■ AIM OF THE TASK: Drop the pictures and repeat the remaining data exactly.

■ GIVEN DATA:
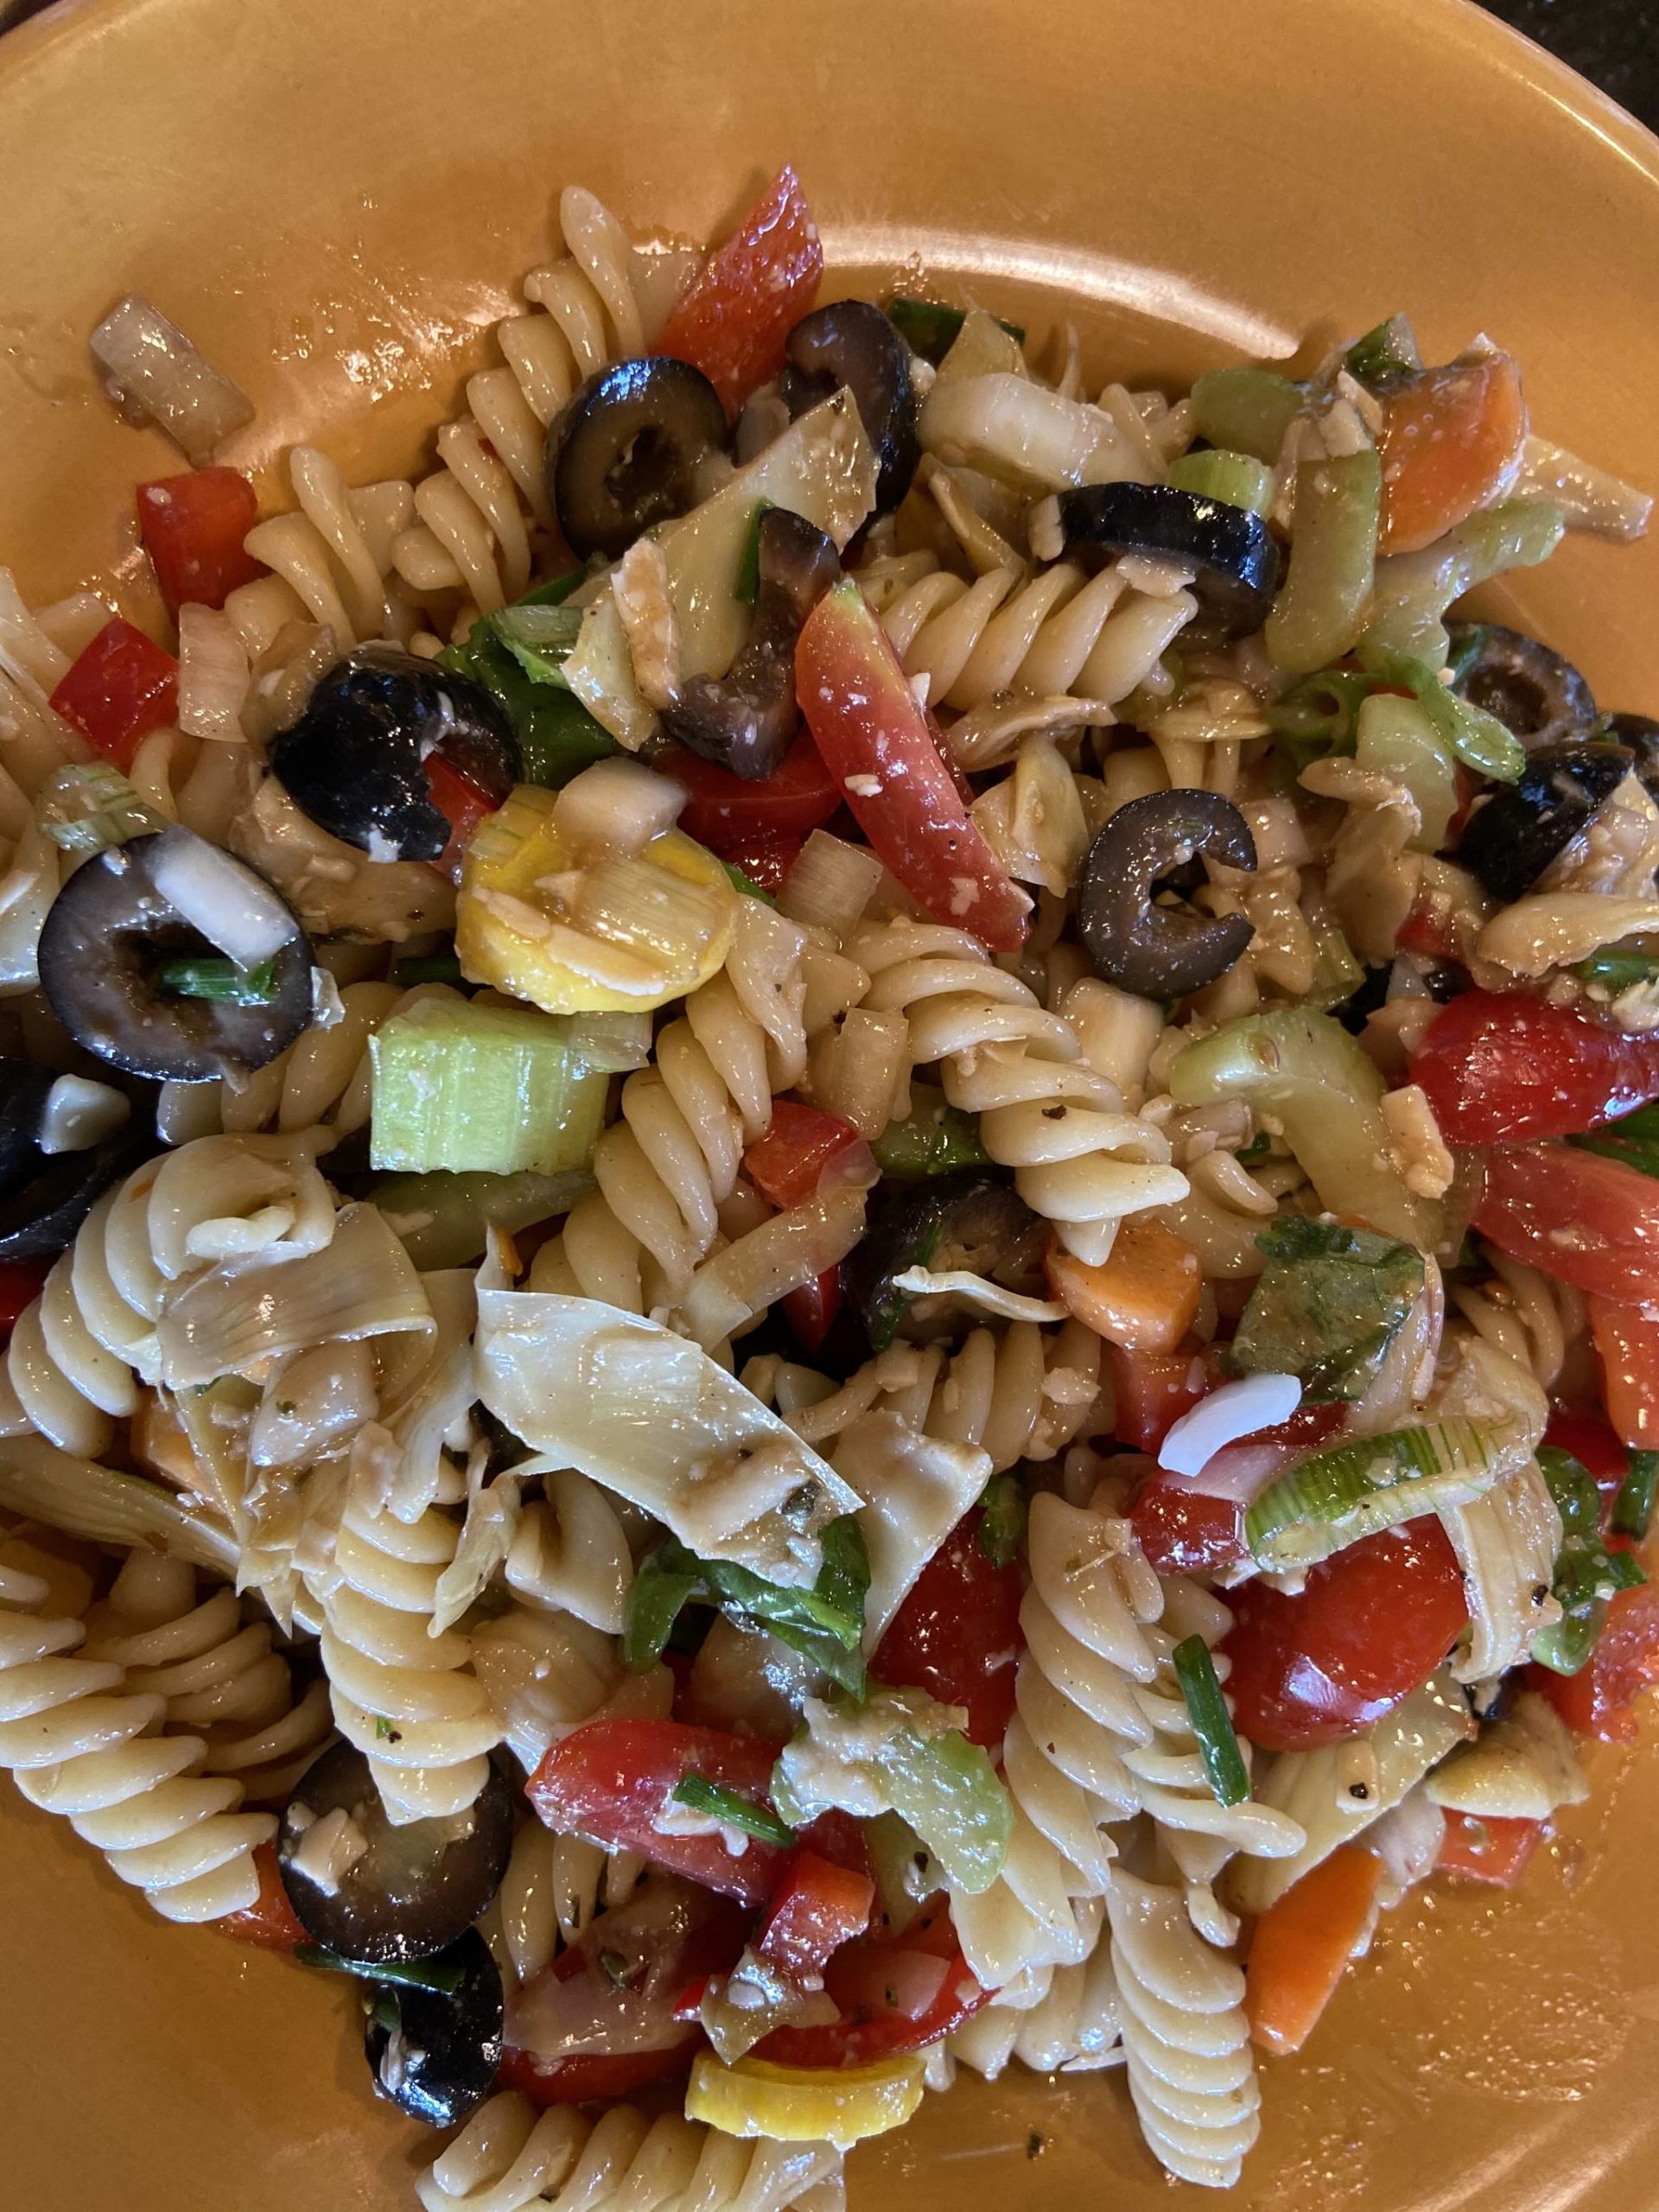 Farmers Market Pasta Salad is photographed in Homer, Alaska, in July 2020. (Photo by Teri Robl/Homer News)
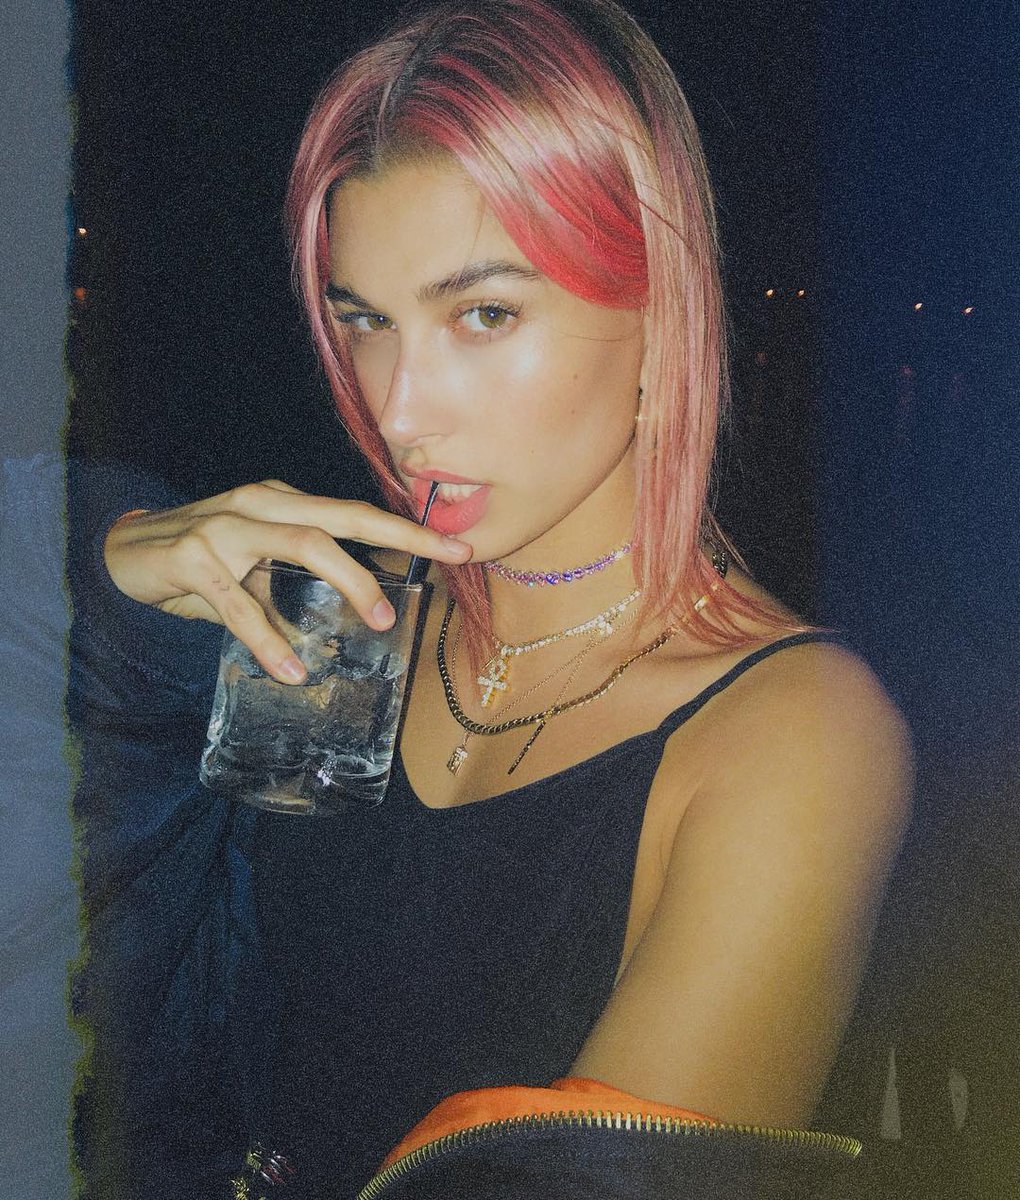 End of thread but also Hailey if you ever see this bring the pink back sometimes
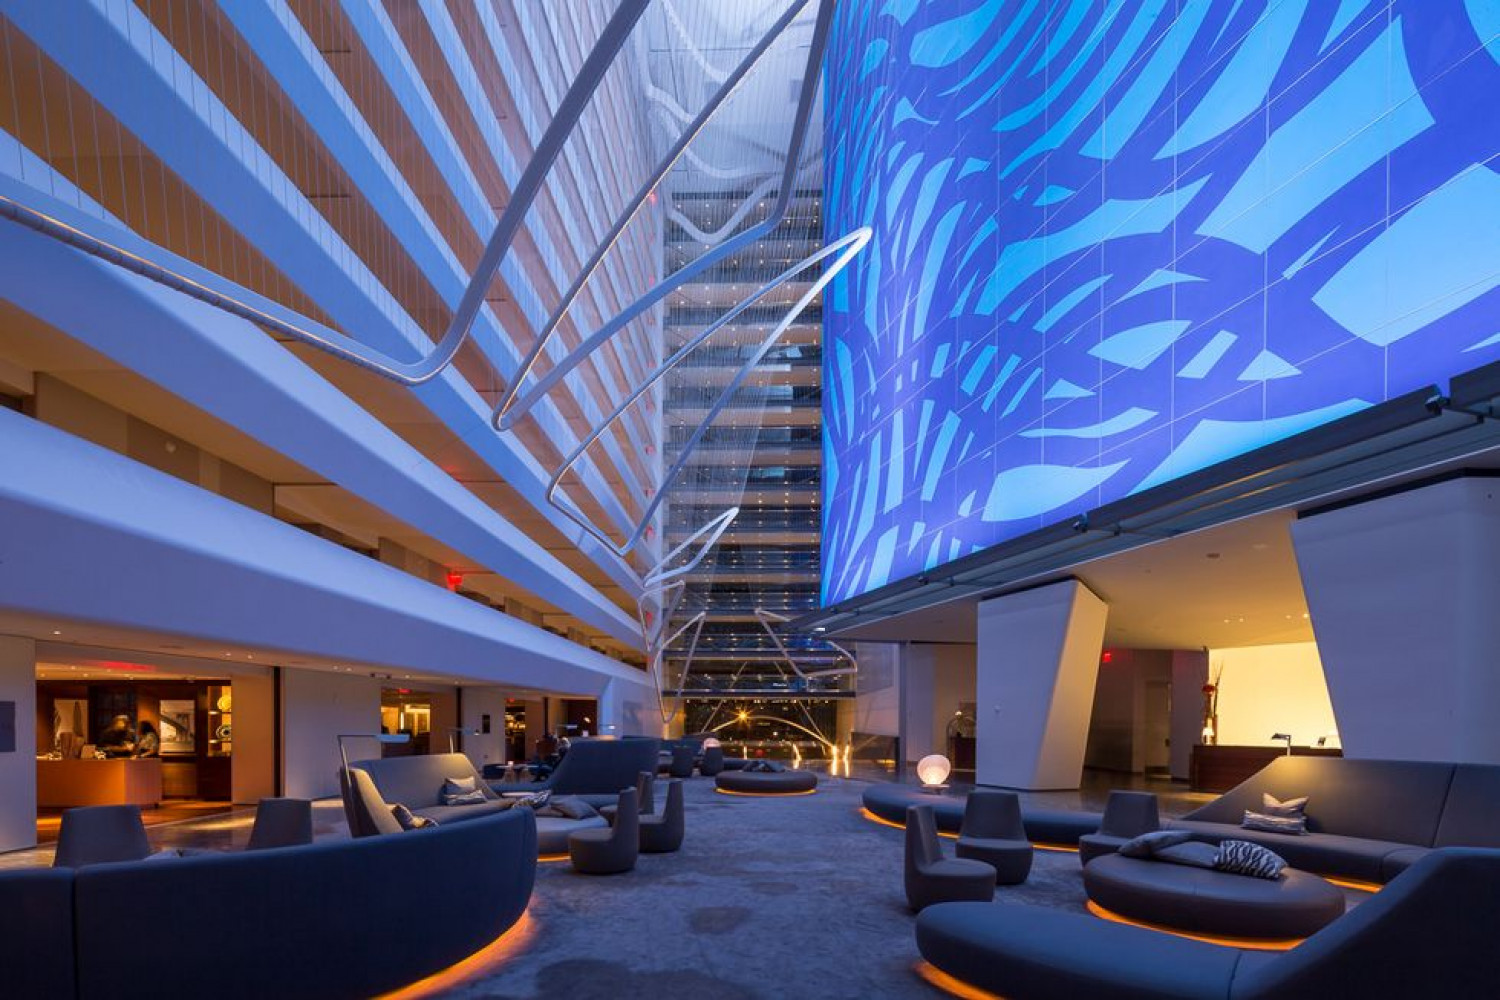 The Conrad in New York has a striking blue and purple Sol LeWitt painting, 'Loopy Doopy (Blue and Purple),' that rises 13 stories high

■ RESULT:
 Farmers Market Pasta Salad is photographed in Homer, Alaska, in July 2020. (Photo by Teri Robl/Homer News)
 End of thread but also Hailey if you ever see this bring the pink back sometimes
 The Conrad in New York has a striking blue and purple Sol LeWitt painting, 'Loopy Doopy (Blue and Purple),' that rises 13 stories high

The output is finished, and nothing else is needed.